Companies that break labor laws won’t be able to get federal contracts under a new executive order from President Obama, and Republicans and business groups are outraged.
Under the rule, companies that want to bid on contracts will have to disclose to the government whether they ran afoul of laws covering workplace safety, workplace discrimination, labor organizing rights, or minimum wage and overtime during the previous three years. The necessary disclosures would include an official finding by a federal agency, a judgment from a court or an award from an arbitrator. [...]

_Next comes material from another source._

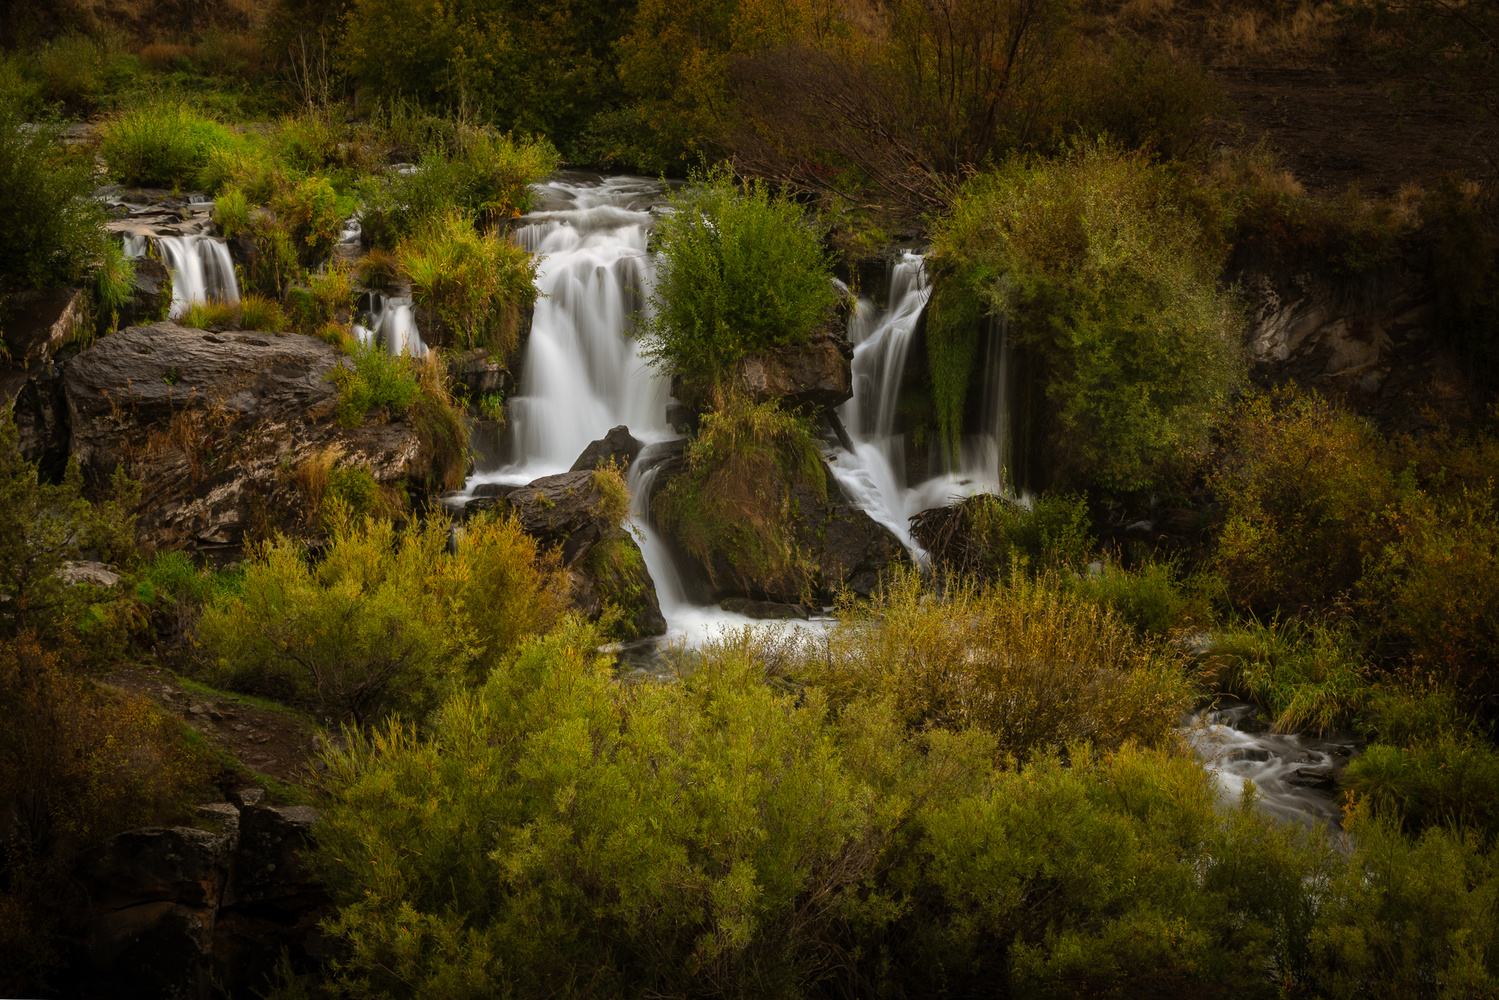 Cline Falls by Ryan Mense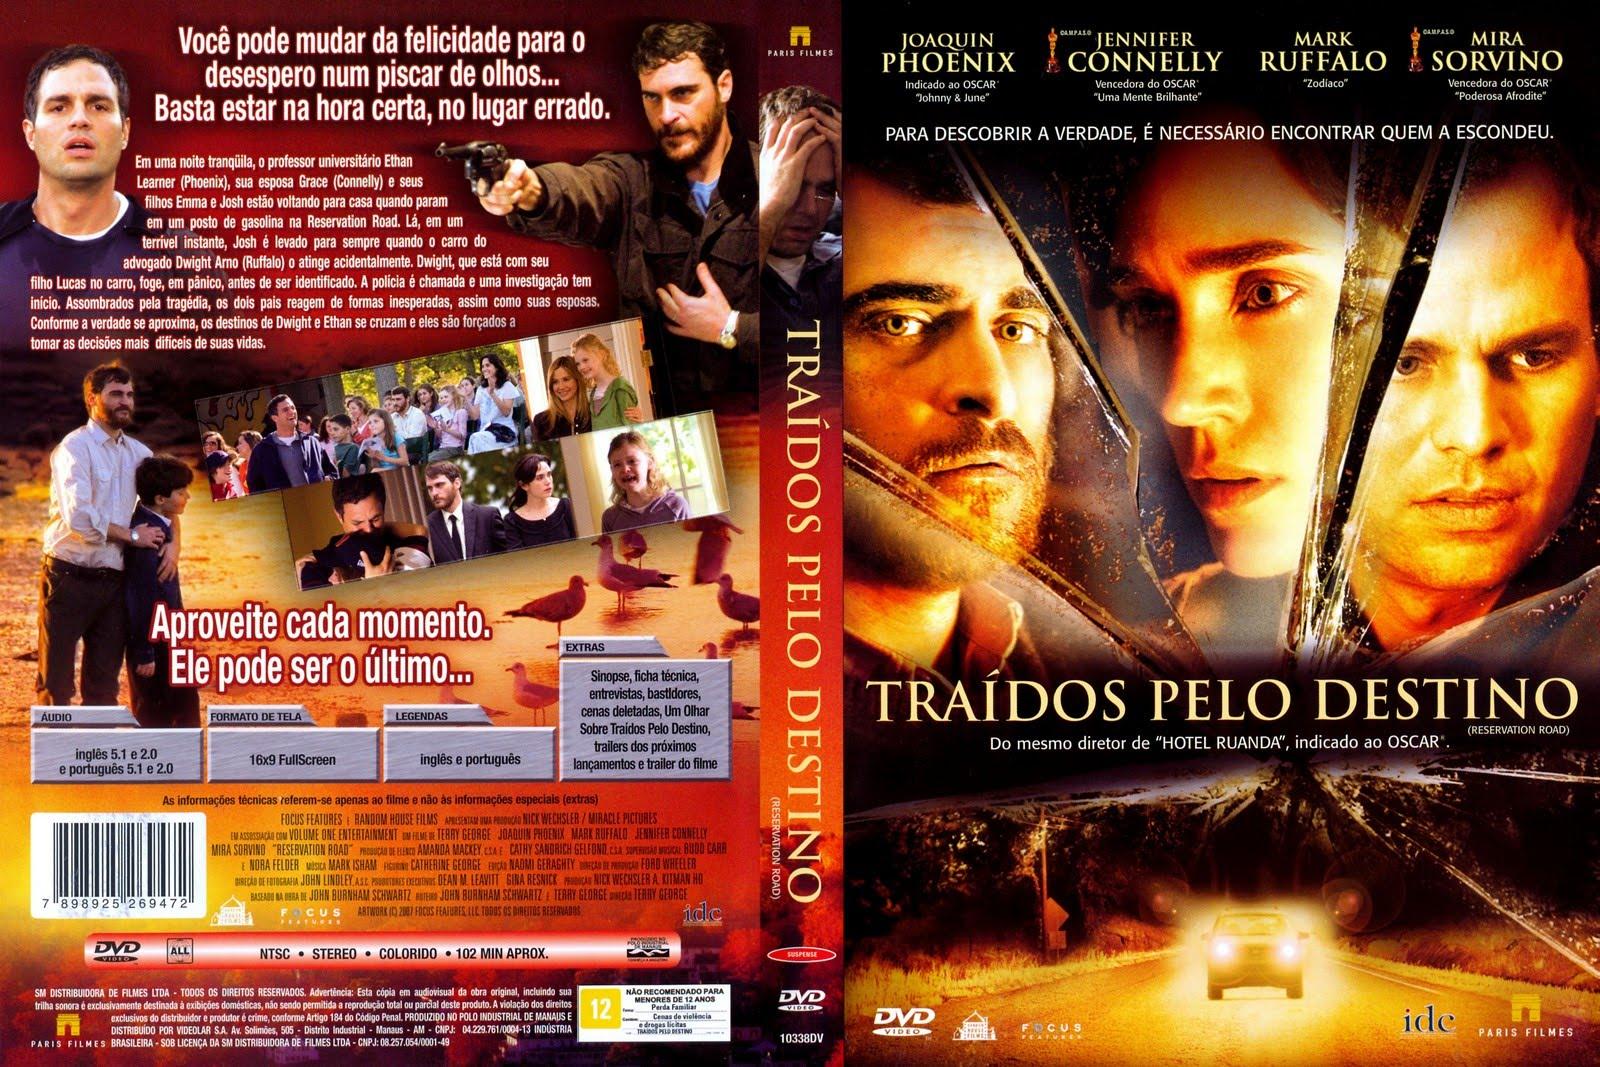 http://3.bp.blogspot.com/_O6SCtKI6wRg/TOlLaGF7y6I/AAAAAAAAAkc/9vF-ATnxbBg/s1600/Traidos+Pelo+Destino.jpg

Officials noted that the new regulations cover only “the most egregious” violations. For instance, if an employer had been cited by the Occupational Safety and Health Administration, it would have to disclose a violation deemed “serious” or “willful,” but not the more common, run-of-the-mill violations that tend to pop up through inspections. The administration estimates that less than 10 percent of contractors will run into problems because of the provisions.
You break the government’s law, you can’t get the government’s business. That seems sensible enough. However,
[Business groups] vehemently opposed the regulation and lobbied to have it watered down or spiked. Along with Republicans in Congress, they have dubbed it the “blacklisting rule,” claiming it would add more red tape and unfairly prevent firms from securing federal contracts.
You break the law, the government blacklists you. You break the law, you don’t get federal contracts. The business lobby and Republican position here seems to be that companies should be able to break the law, as long as it’s laws victimizing workers, and face absolutely no consequences. It’s like laws to protect workers, whether from having their wages stolen or their limbs amputated, don’t count as laws to these people. Thanks to the president’s executive order, though, the laws will increasingly have teeth, at least for companies that want to do business with the government.